If you’ve followed this blog over the last couple of months, you know that I have been blessed (or was it cursed?) with several very strong hives that tried to swarm throughout late March and early April. From these events, I created a multitude of Nuc’s, experimenting with each start. My goal was to really learn about Nuc Creation by doing what is recommended and many things that are not. I started some with lots of resources and some with next to no resources. I played with the amount of Nurse bees and the amount of capped brood. I knew that I wanted to sell Nuc’s in 2012 and I wanted to start to get a feel for it.

The problem with this plan is that I started more Nuc’s then I really wanted to increase my hive count by this  year. At the time, I figured that my success rate would not be that high, so it would work itself out in the end. But, my success rate was higher then I had thought. In the end, I started 14 Nuc’s. Of those 14, 10 made it (when I was expecting 5 or 6.) Of the survivors, 6 or 7 are showing the kind of strength that I would be confident to pass along. So, that left me with at least 1 or 2 extra Nuc’s, beyond my increase goal. Since several folks have contacted me about getting Nuc’s, I decided to sell 1 (and may sell a couple more over the next week or so.)

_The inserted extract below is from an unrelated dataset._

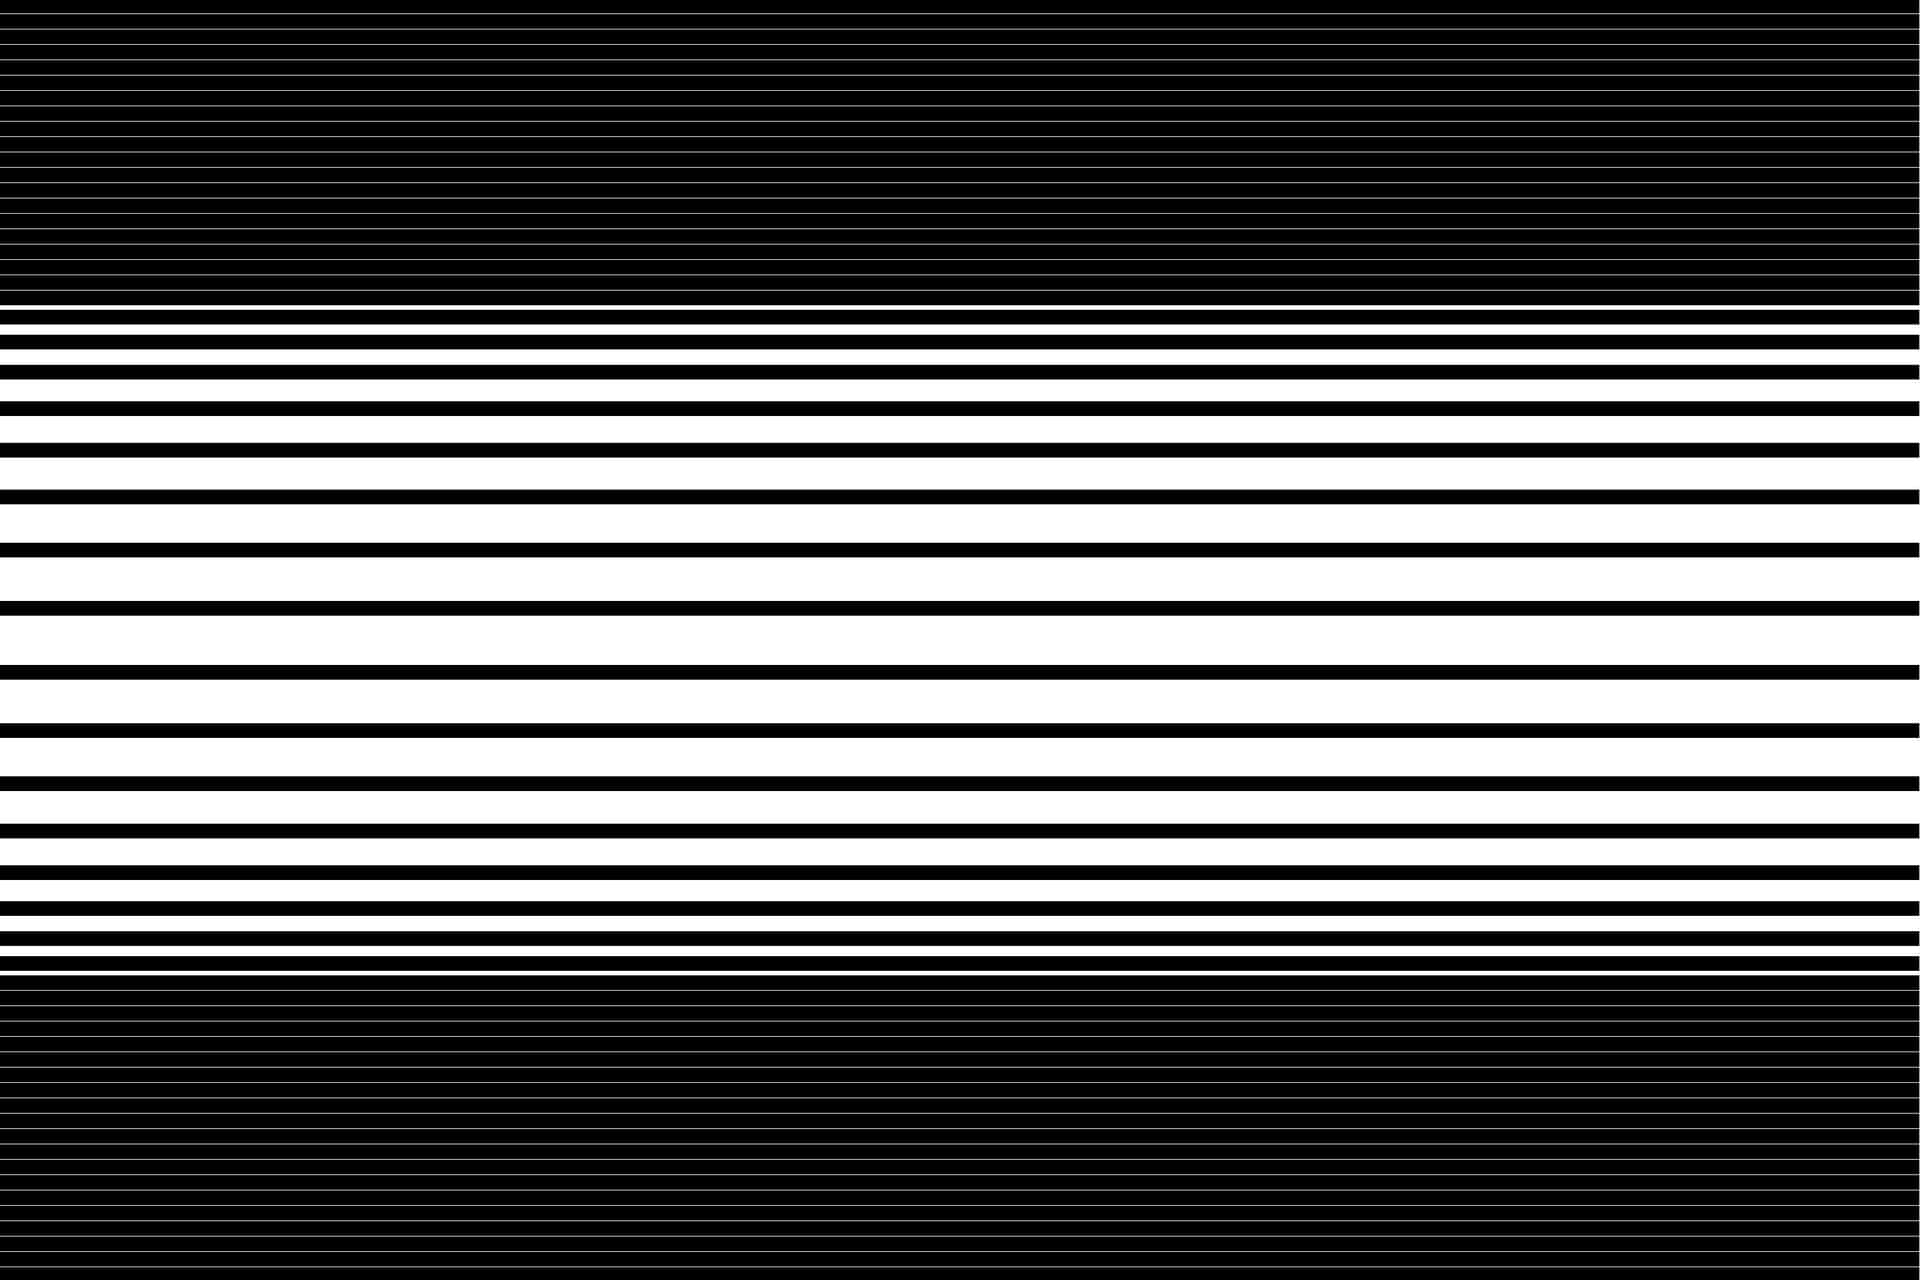 Black and White Striped Abstract Background

When you sell a Nuc, you have to get your apiary inspected by the state Apiarist. He came by this past week and went through a majority of the starters that I have in the backyard. This was no small task, as I have 17 starters (caught swarms, trap out Nuc’s, my Nuc’s and 1 cut out.) In the end, he passed my apiary and said things looked great. He did find small hive beetles, but I told him that they were pretty much in all of my hives, but not to any great degree. Interestingly enough, he conceded that they were in most folk’s hives, but they were more like a Wax Moth. As long as you have healthy bees in a space that they can maintain (i.e. you don’t super them too  soon), the bees keep them in check. All in all, it was an interesting experience.

A new beekeeper, by the name of Wade, showed up to get his bees and we moved the frames from my Nuc to his hive. I am glad that I could sell him a Nuc as he may have resorted to a package next year (as mentioned a lot on this blog, I am not a fan of packages at all, especially for new Beekeepers.) The Nuc was great. The queen was working on her 2nd batch of brood and two frames were wall-to-wall capped brood on both sides. One contained some capped brood along the edges and lots of eggs/larva in the center. The final two were resources. Basically, this Nuc is getting ready to explode (I had wanted to sell the Nuc last weekend, but the timing did not work out right for the purchaser – I was worried that I would find swarm cells!) I am confident that this Nuc will do very well for Wade and his family. It’s a queen off of Larry, so it’s some of my best stock.